Recall that $IF = \{\sum_{i=1}^n r_ia_i \mid r_i\in I, a_i \in F, n \in \Bbb{N}\}$ and that the action of $R/I$ on $F/ IF$ is given by $(r+I)(a+IF) = ra +IF$.
Proof: ……… Finally if $x, x' \in X$ and $\pi (x) = \pi (x')$ in $F/IF$, then $(1_R+I)\pi (x)-(1_R+I)\pi (x’)=0$. If $x\neq x'$, the preceding argument implies that $1_R\in I$, which contradicts the fact that $I\neq R$. Therefore, $x = x'$ and the map $\pi: X \to \pi (X)$ is a bijection, whence $|X|= |\pi(x)|$·
Question: I don’t get Author proof of $\pi|_X$ is injective. It seems like Author beforehand assuming injectivity. For context, preceding argument refer to $\pi (X)$ is linearly independent.
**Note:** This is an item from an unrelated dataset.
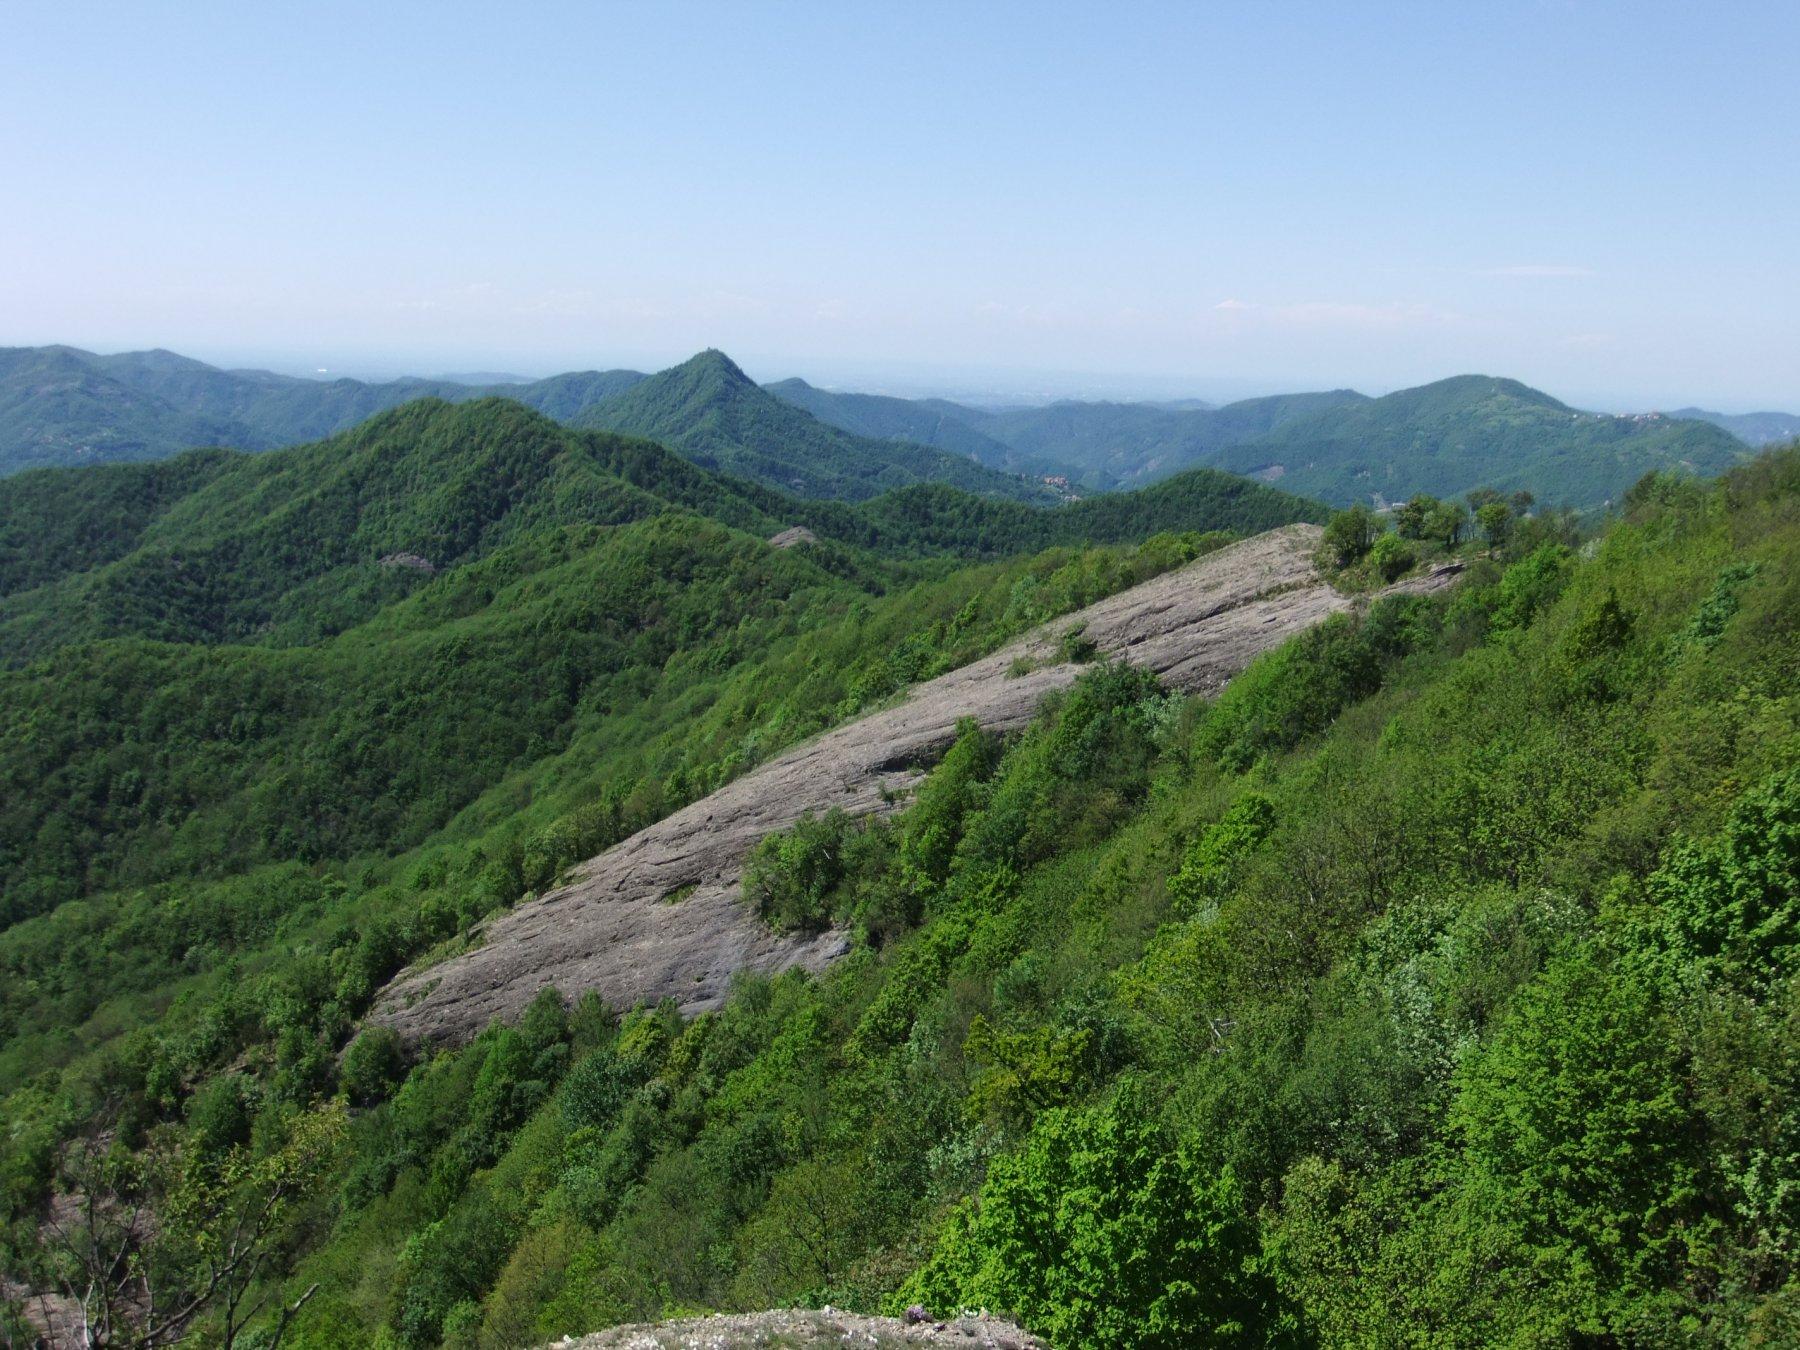 Reale (Monte) da Crocefieschi, per Rocche del Reopasso 2016-05-15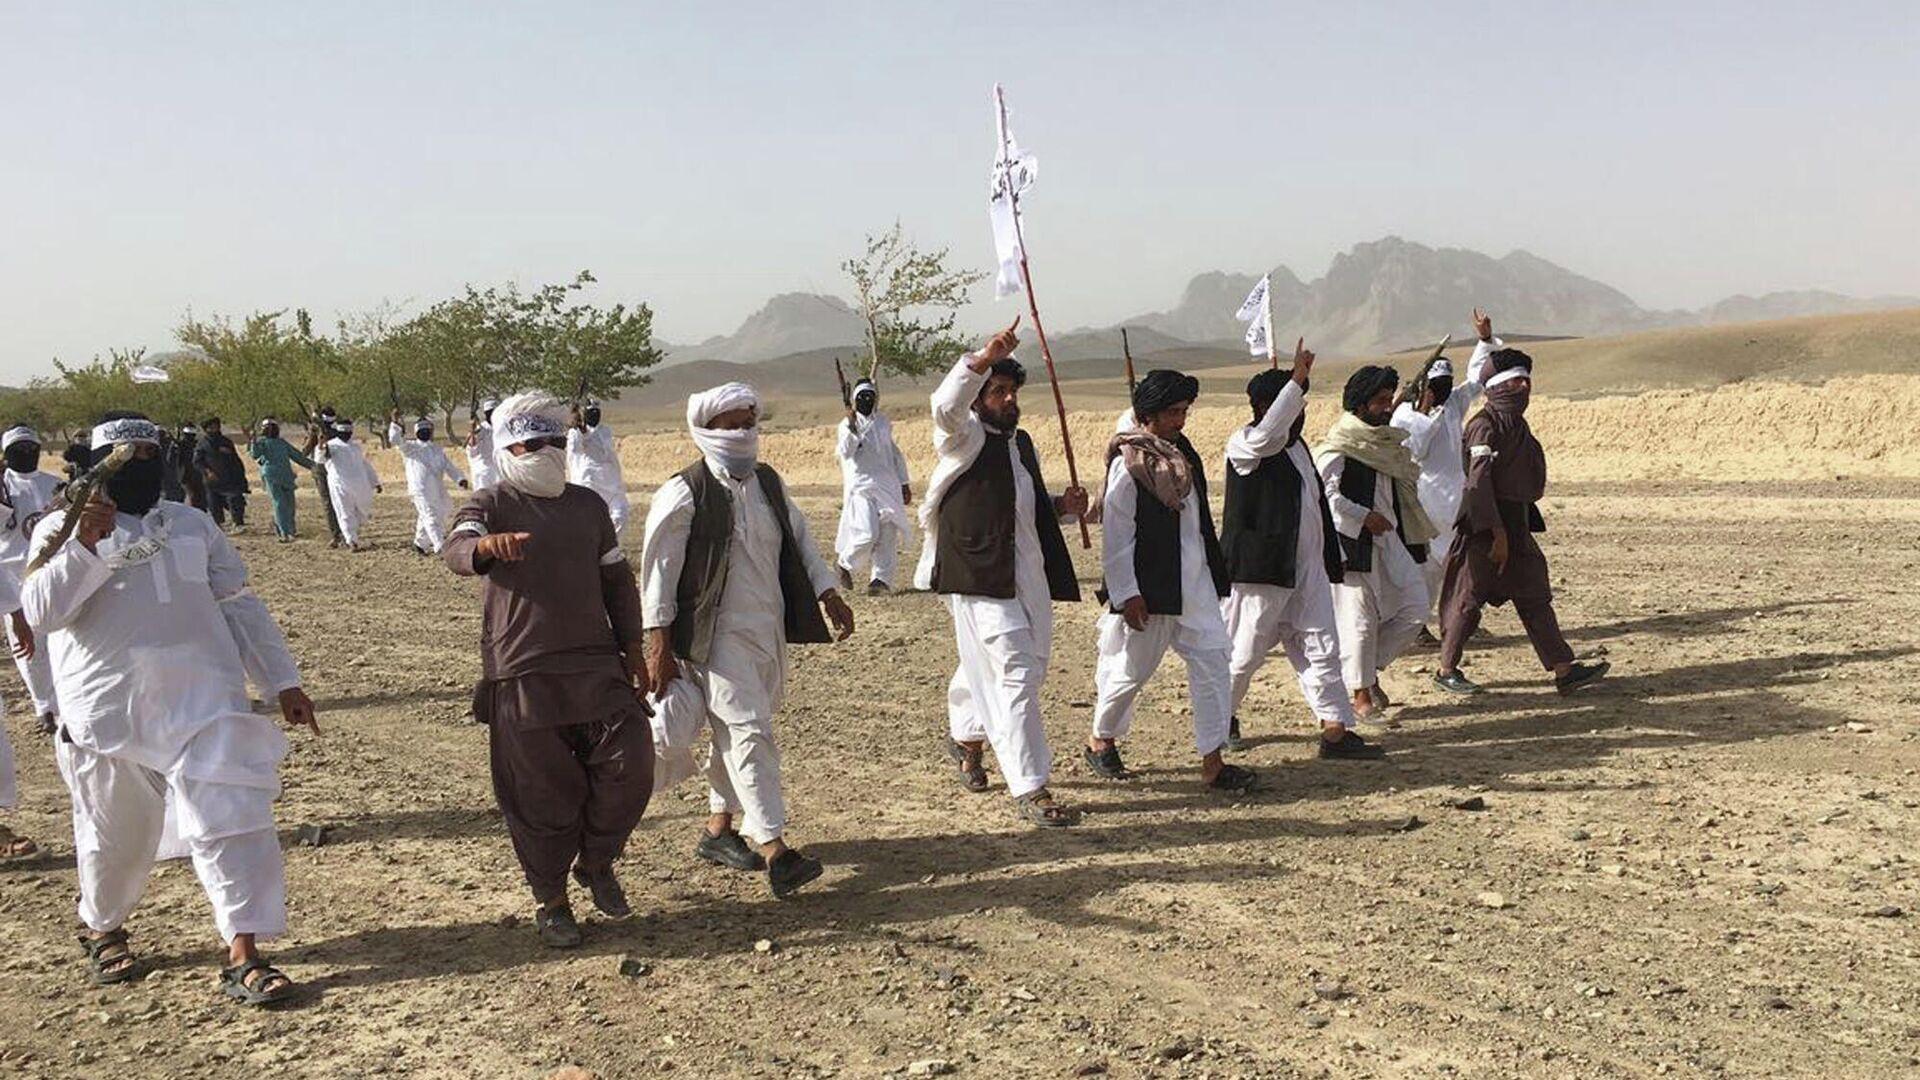 Вооруженные люди в Афганистане - Sputnik Узбекистан, 1920, 12.07.2021

Following argument is not circular to prove $\pi|_X$ is injective: if $x\neq x’$ and $\pi(x)=\pi (x’) =x+IF=x’+IF$, then $x-x’\in IF$. So $x-x’=\sum_{i=1}^nr_ia_i$ where $r_i\in I$, $a_i\in F$ and $n\in \Bbb{N}$. Since each $a_i$ is linear combination of elements of $X$ and $I$ is an ideal, we have $$x-x’=\sum_{i=1}^nr_ia_i =\sum_{i=1}^m s_i b_i$$ where $s_i\in I$, $b_i\in X$ and $m\in \Bbb{N}$. By linear independence of $X$, $m=2$, $(s_1,b_1)=(1_R,x)$ and $(s_2,b_2)=(-1_R,x)$. That means $s_1=1_R\in I$. Thus we reach contradiction. Hence $x=x’$.